4 Replies Latest reply on Dec 18, 2017 8:32 PM by hkg2581

    Operation time out when removing disk from vSan

    tinnh Lurker

      I had a SSD cache disk failed, i have tried to remove it to handle but stuck at operation time out. I tried two option Full data miration and Ensure accessibilty, both didn't work.

      An event appeared before time out event.

      How to resolve this annoying issue and i wonder if it's safe completely to physically replace failed SSD disk.

      Capture.JPG

        • 1. Re: Operation time out when removing disk from vSan
          TheBobkin Master
          VMware EmployeesvExpert

          Hello tinnh,

           

           

          The first thing to do in this situation is to verify the data health e.g. that all Objects that had components residing on the failed Disk-Group have been rebuilt on the remaining nodes/DGs in the cluster (provided there is an adequate number of available Fault Domains and space).
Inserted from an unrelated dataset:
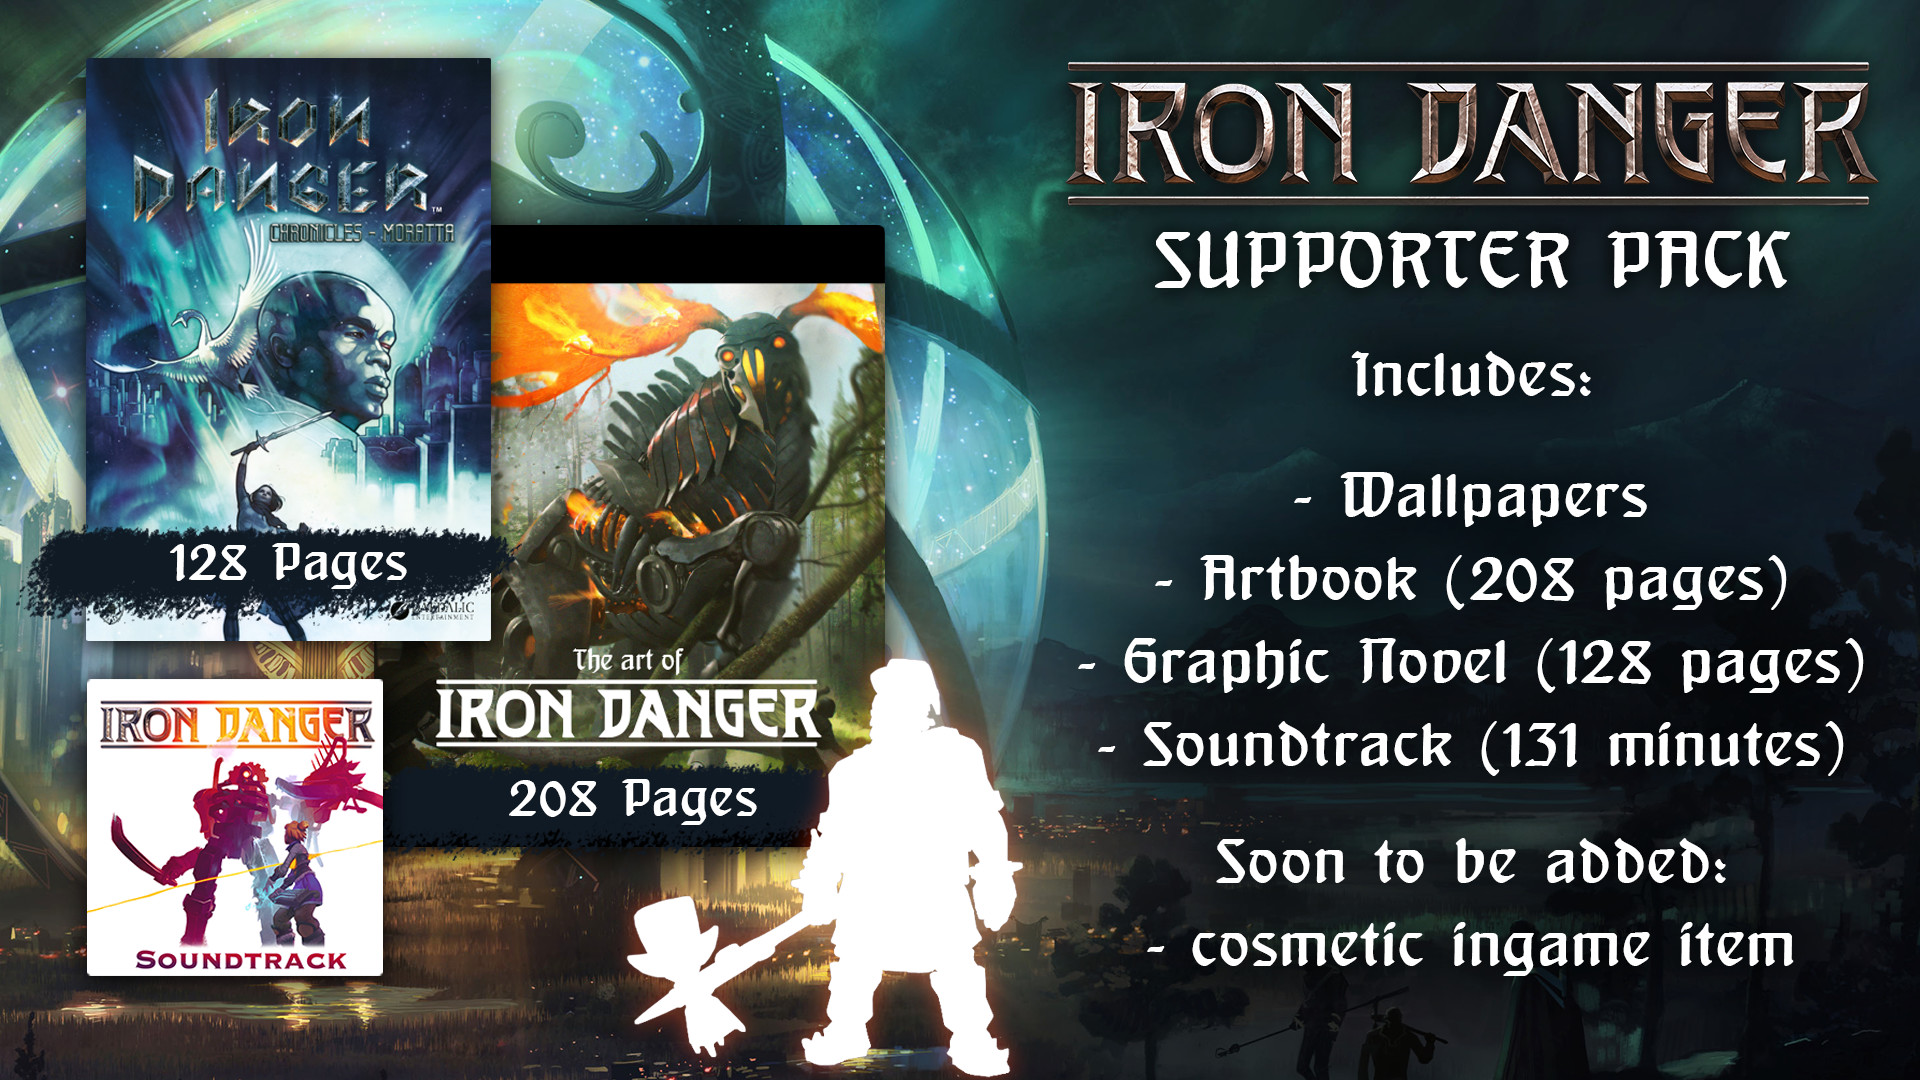 Iron Danger - Supporter Pack DLC Steam CD Key 4.51 $
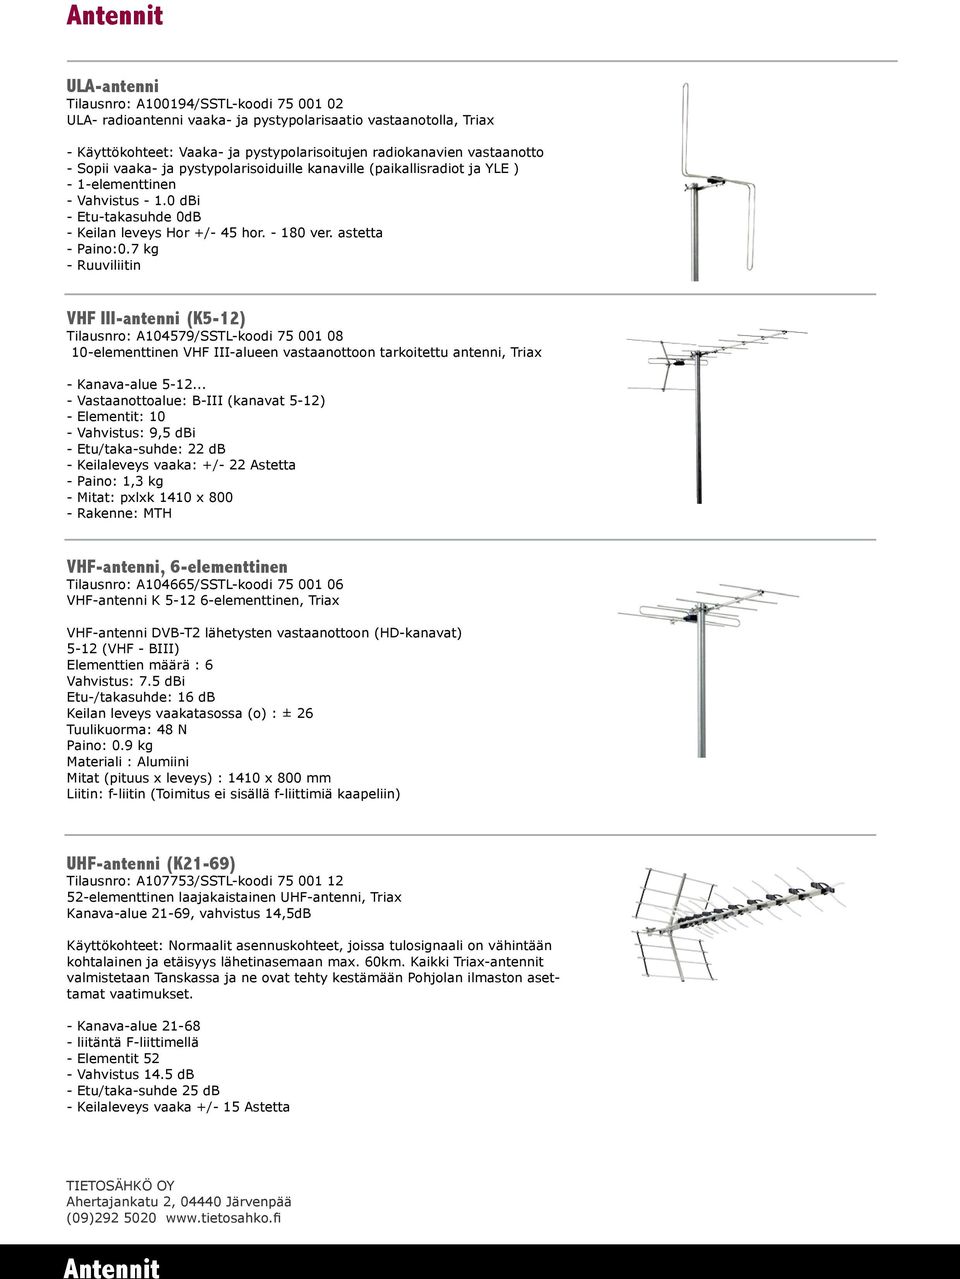 astetta - Paino:0.7 kg - Ruuviliitin VHF III-antenni (K5-12) Tilausnro: A104579/SSTL-koodi 75 001 08 10-elementtinen VHF III-alueen vastaanottoon tarkoitettu antenni, Triax - Kanava-alue 5-12.

          This can be verified via the Web Client - Cluster > Monitor > Health > Data

          or via the CLI on the host using cmmds-tool e.g. this prints the number of Objects with each Config Status (state 7 = Healthy):

          #cmmds-tool find -f python | grep CONFIG_STATUS -B 4 -A 6 | grep 'uuid\|content' | grep -o 'state\\\":\ [0-9]*' | sort | uniq -c

           

          If all data has resynced and is healthy then it *should* be safe to remove the disk-group via alternative methods either by deleting the disk-group with 'No Action' or wiping the partitions on the drives via the Web Client (Host > Configure > Storage Devices > Select Device > All Actions > Erase Partitions NOTE: CAREFULLY check that the correct drives are being worked on here as this is PERMANENT).

          If neither of the above is possible (hostd can hold locks on badly failed disks) then the remaining option would be to boot the host with the vSAN modules disabled and then wipe the partitions.

          If this is not a lab-cluster and if possible, do open a support request with VMware GSS and/or proceed with caution here.

           

          Hope this helps.

           

           

          Bob

          • 2. Re: Operation time out when removing disk from vSan
            tinnh Lurker

            Hi Bob,

             

            Thanks for your advices. I followed your instruction to check data health and it shows as below

            Capture2.JPG

            I tried to Repair Object Immidiately and check resync status but it is empty even do a refresh, it seems not to happen any resynchronization.

            Capture3.JPG

            Do you have any idea?

             

            Regards!

            • 3. Re: Operation time out when removing disk from vSan
              TheBobkin Master
              vExpertVMware Employees

              Hello tinnh,

               

               

              This may be unable to resync the data due to insufficient space on the appropriate fault domains due to the disk-group with issues.

              How many node and disk-groups in this cluster?

              What is the space-utilisation per disk as per RVC? (vsan.disks_stats <pathToCluster>)

               

              If no VMs/data is currently inaccessible then it is likely safe to remove this disk-group (via partition-wipe) and rebuild the disk-group - double-check that this disk-group is properly failed using esxtop 'u' and verify that there are 0 IOs to all devices in this disk-group.

               

              As I said previously - if you do have the ability to open an SR with VMware GSS please do this as someone can check this better live via WebEx than I can advise without seeing the cluster live.

               

               

              Bob

              • 4. Re: Operation time out when removing disk from vSan
                hkg2581 Novice
                VMware Employees

                tinnh

                 

                Please raise a support ticket with Vmware for a TSE to review if this is a production cluster , please refrain from deleting an disk group with no ata migration , you may cause a potential data loss . I see that you have multiple objects with reduced availability and non-compliance .